Naar boven ↑

Rechtspraak

Uitspraakdatum

01-10-2014

ECLI

ECLI:NL:TAHVD:2014:299

Zaaknummer

7284

Inhoudsindicatie

Geen gronden voor hoger beroep aangevoerd en daarom niet-ontvankelijk.

Uitspraak

Beslissing van de voorzitter van

het Hof van Discipline

van 1 oktober 2014

in de zaak 7284

    naar aanleiding van het hoger beroep van:

klager

tegen:

verweerder

1    HET GEDING IN EERSTE AANLEG

De voorzitter van het hof verwijst naar de beslissing van de Raad van Discipline in het ressort ‘s-Gravenhage (verder: de raad) van 25 augustus 2014, nummer R.4415/14.1, aan partijen toegezonden op 26 augustus 2014, waarbij de klacht van klager tegen verweerder ongegrond is verklaard.

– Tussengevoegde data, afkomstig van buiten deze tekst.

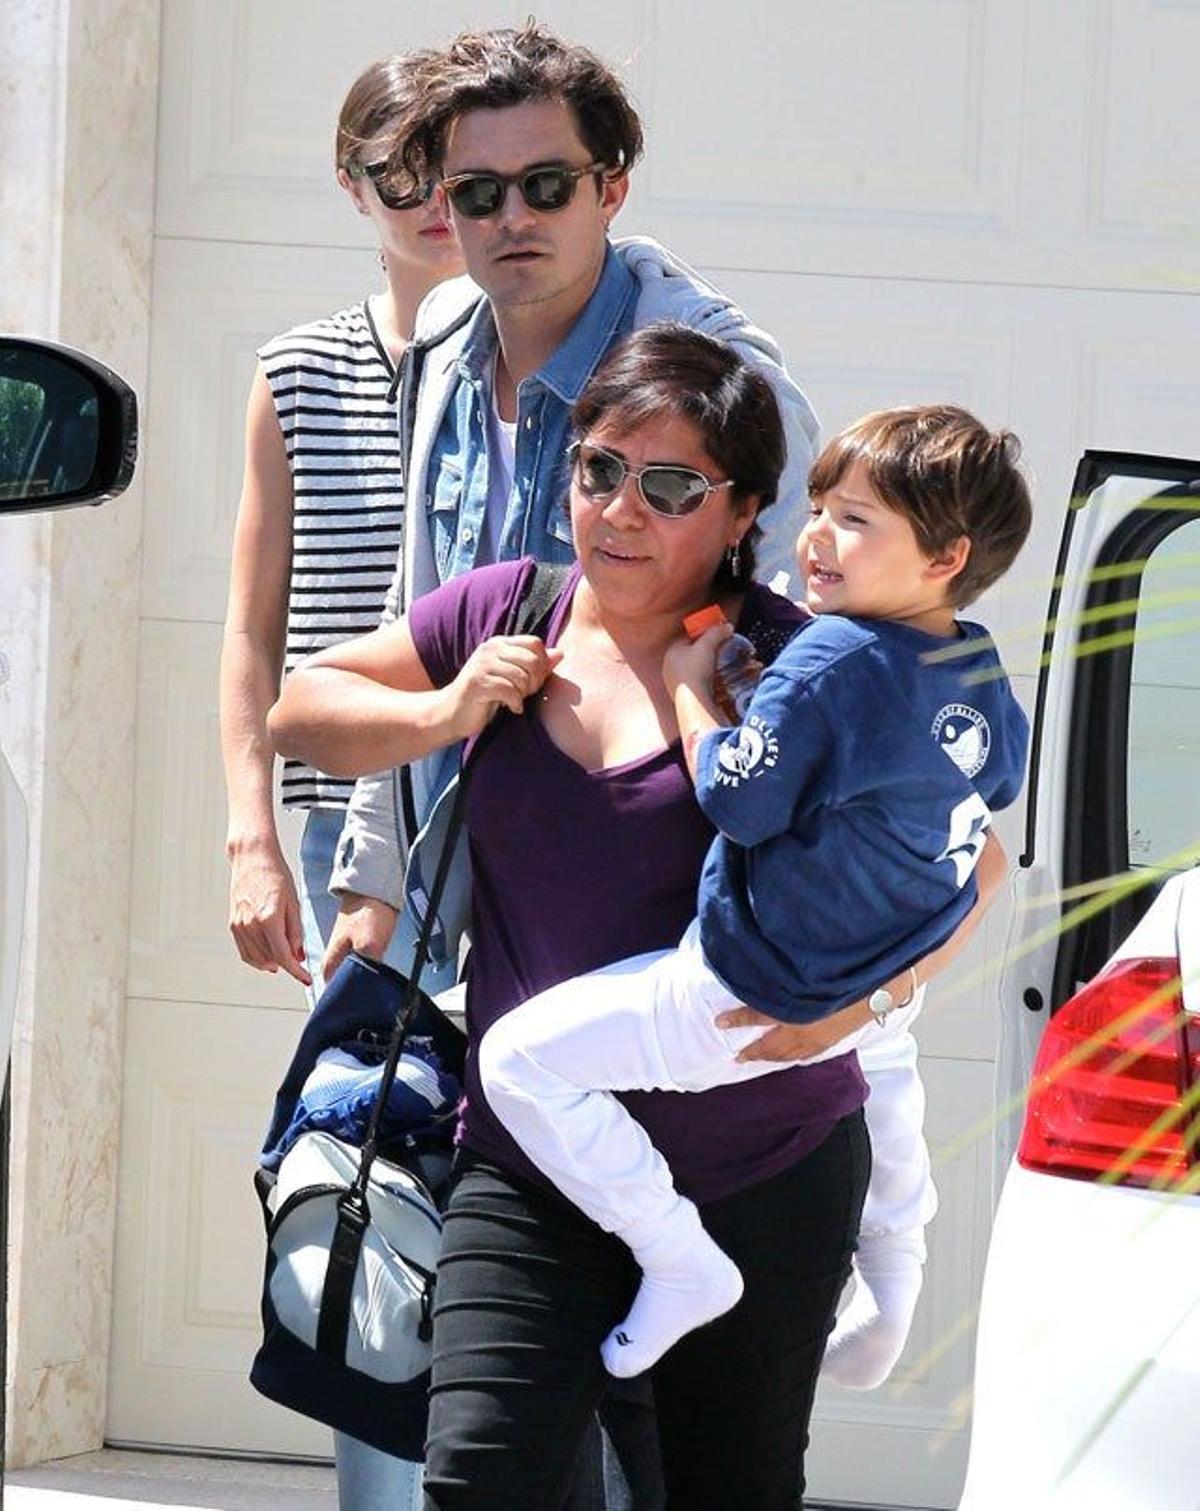 Flynn en brazos de la chica que le cuida y sus padres Orlando Bloom y Miranda Kerr, detrás

2    HET GEDING IN HOGER BEROEP

De memorie waarbij klager van deze beslissing in hoger beroep is gekomen, is op 17 september 2014 ter griffie van het hof ontvangen.

3    DE BEOORDELING

3.1    Artikel 56 lid 3 van de Advocatenwet bepaalt dat beroep moet worden ingesteld door het indienen van een met redenen omklede memorie. Klager heeft in zijn beroepschrift in het geheel geen gronden aangevoerd. Klager dient daarom kennelijk niet-ontvankelijk te worden verklaard in dit hoger beroep

3.2    Het beroep is derhalve kennelijk niet-ontvankelijk zodat het dient te worden afgewezen.

    BESLISSING

De voorzitter van het Hof van Discipline:

wijst af het door klager tegen de beslissing van de Raad van Discipline in het ressort ‘s-Gravenhage van 25 augustus 2014, onder nummer R.4415/14.1 ingestelde hoger beroep.